**MATERIAL PROVIDED**
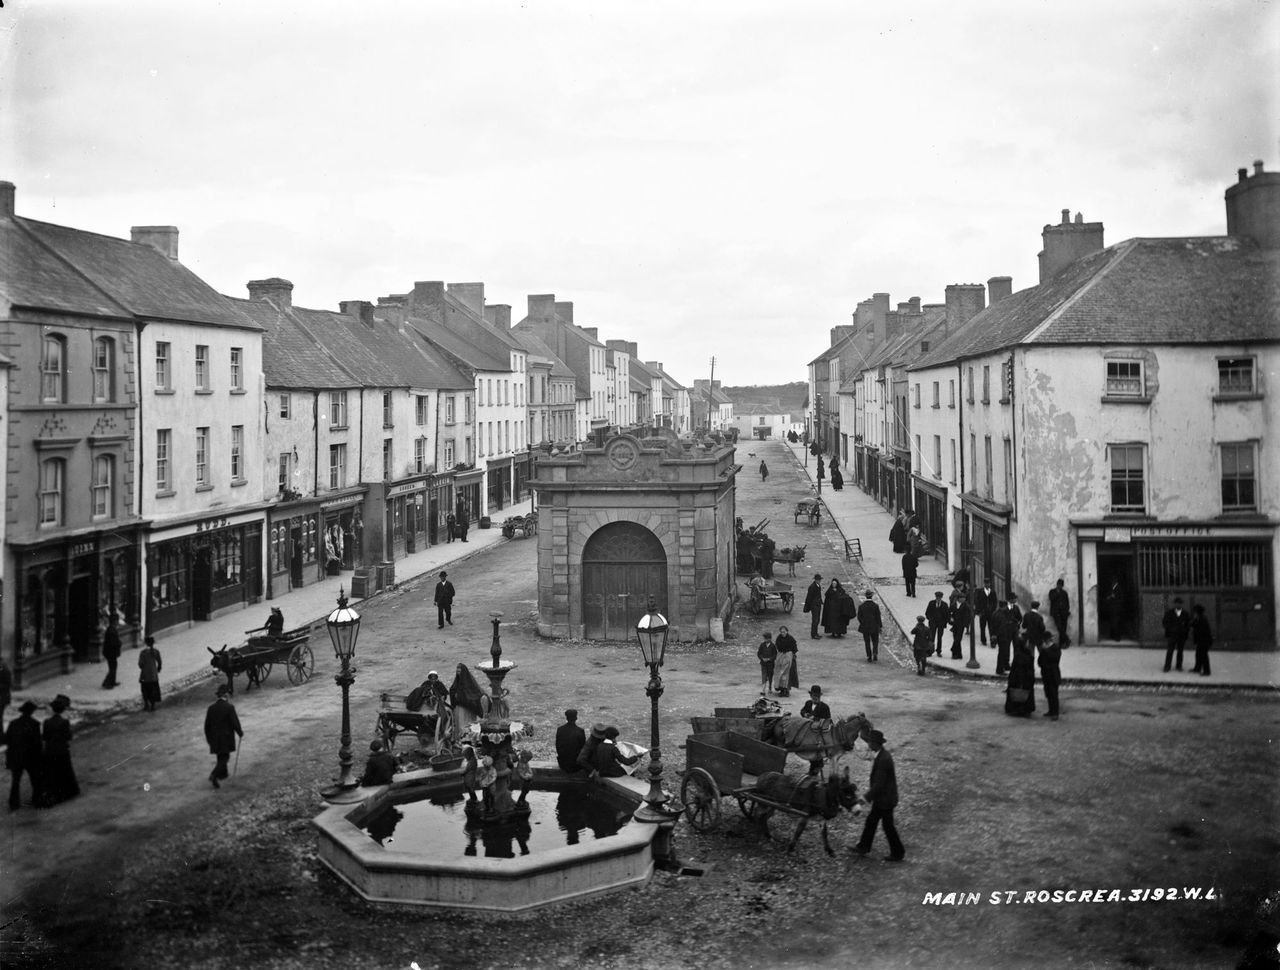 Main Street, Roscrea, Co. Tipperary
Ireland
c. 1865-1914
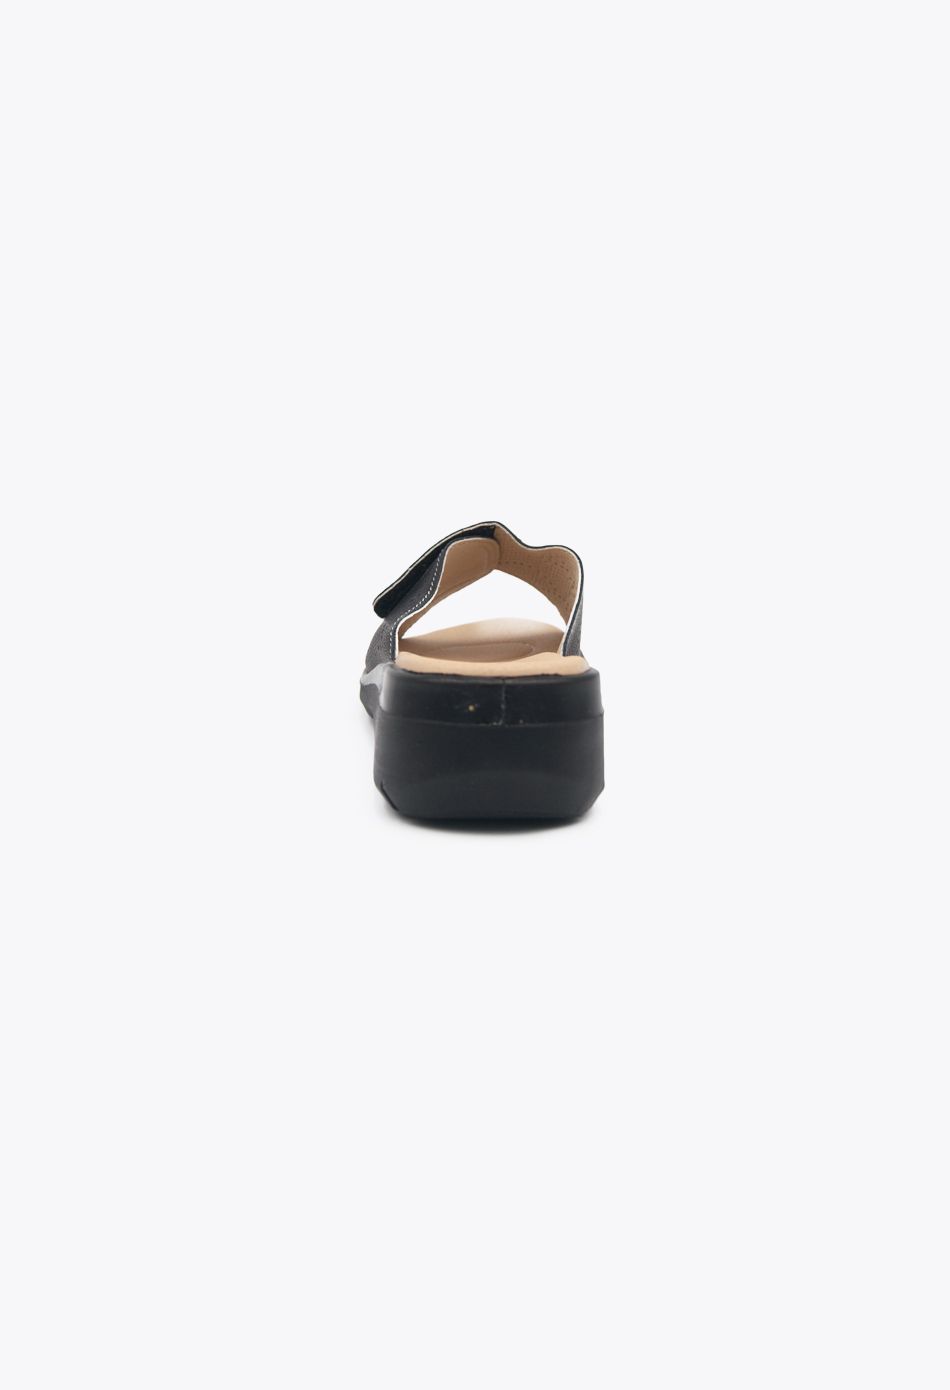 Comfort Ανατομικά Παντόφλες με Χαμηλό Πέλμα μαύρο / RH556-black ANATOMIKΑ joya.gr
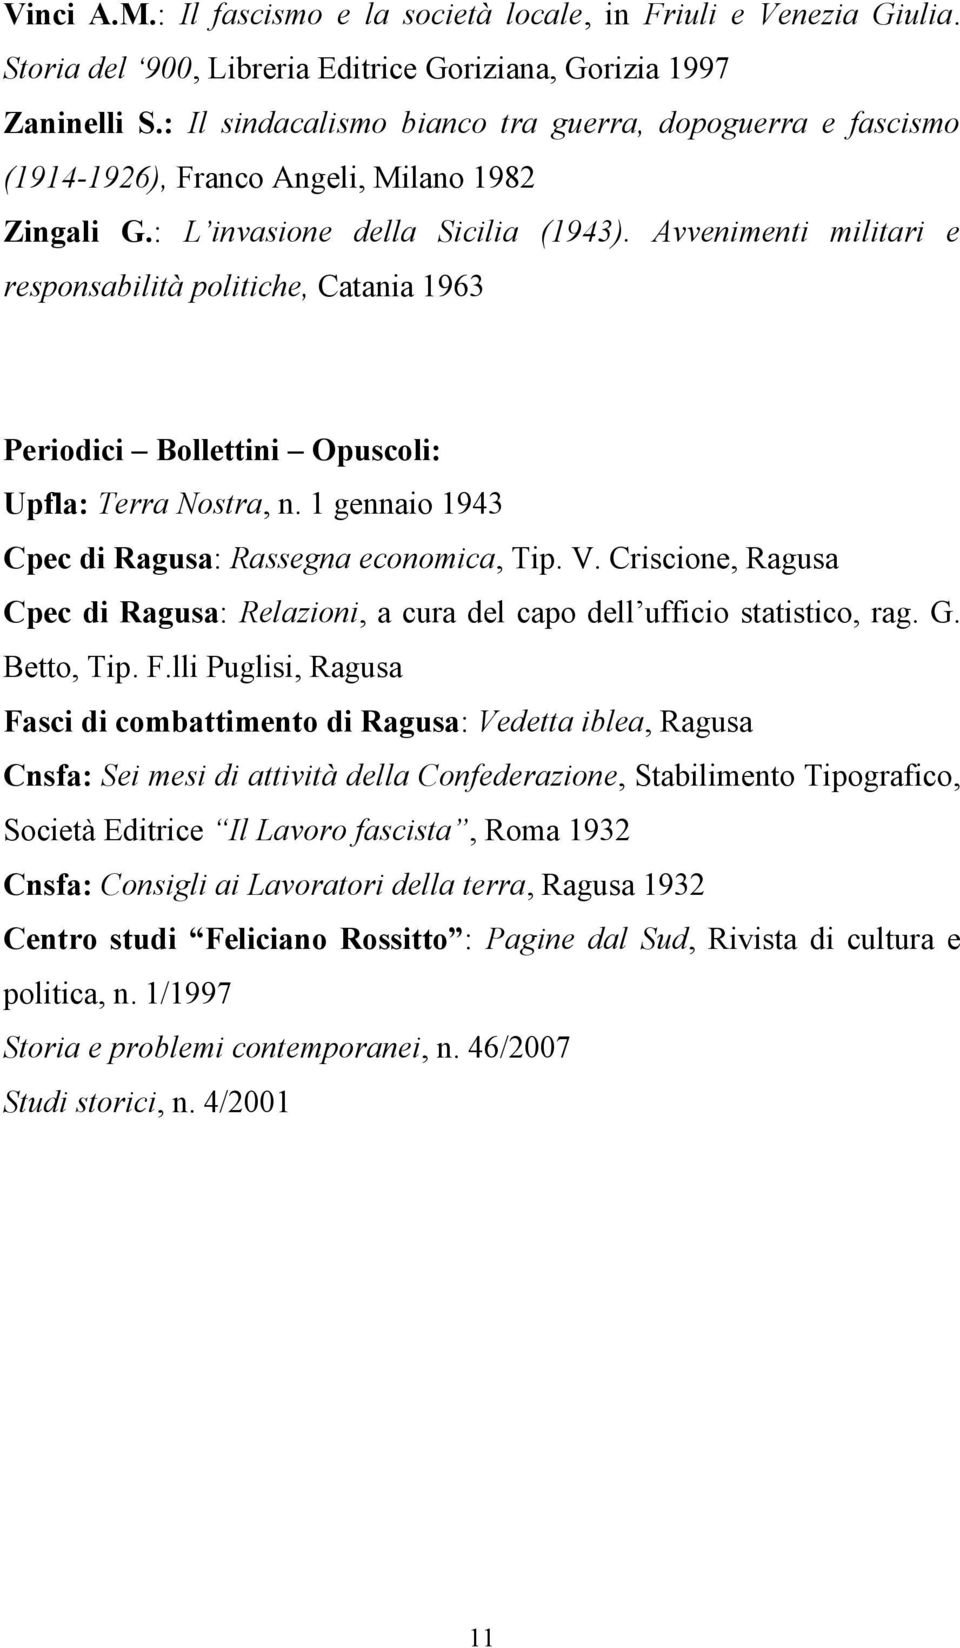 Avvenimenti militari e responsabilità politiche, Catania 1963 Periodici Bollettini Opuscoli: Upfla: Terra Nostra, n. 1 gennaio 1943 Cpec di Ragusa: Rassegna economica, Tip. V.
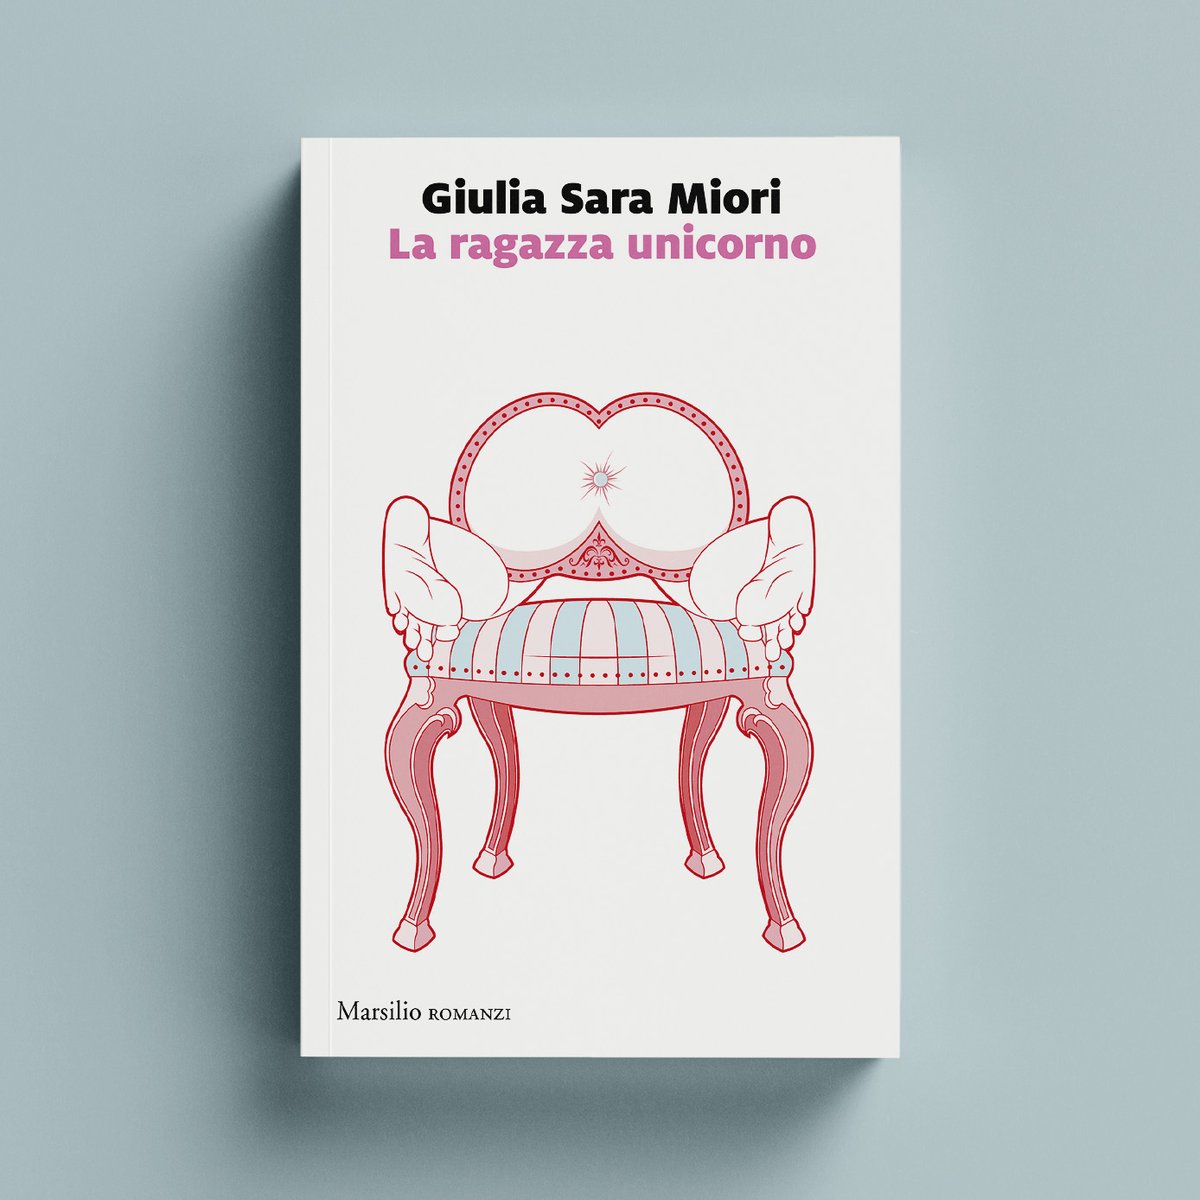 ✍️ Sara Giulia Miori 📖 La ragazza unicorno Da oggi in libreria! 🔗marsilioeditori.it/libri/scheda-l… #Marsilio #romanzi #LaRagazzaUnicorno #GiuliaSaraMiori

**THE PROBLEM**
An exact copy of every entry above is needed, minus the pictures.

**REPLY TO THE TASK**
 Main Street, Roscrea, Co. Tipperary
Ireland
c. 1865-1914
 Comfort Ανατομικά Παντόφλες με Χαμηλό Πέλμα μαύρο / RH556-black ANATOMIKΑ joya.gr
 Avvenimenti militari e responsabilità politiche, Catania 1963 Periodici Bollettini Opuscoli: Upfla: Terra Nostra, n. 1 gennaio 1943 Cpec di Ragusa: Rassegna economica, Tip. V.
 ✍️ Sara Giulia Miori 📖 La ragazza unicorno Da oggi in libreria! 🔗marsilioeditori.it/libri/scheda-l… #Marsilio #romanzi #LaRagazzaUnicorno #GiuliaSaraMiori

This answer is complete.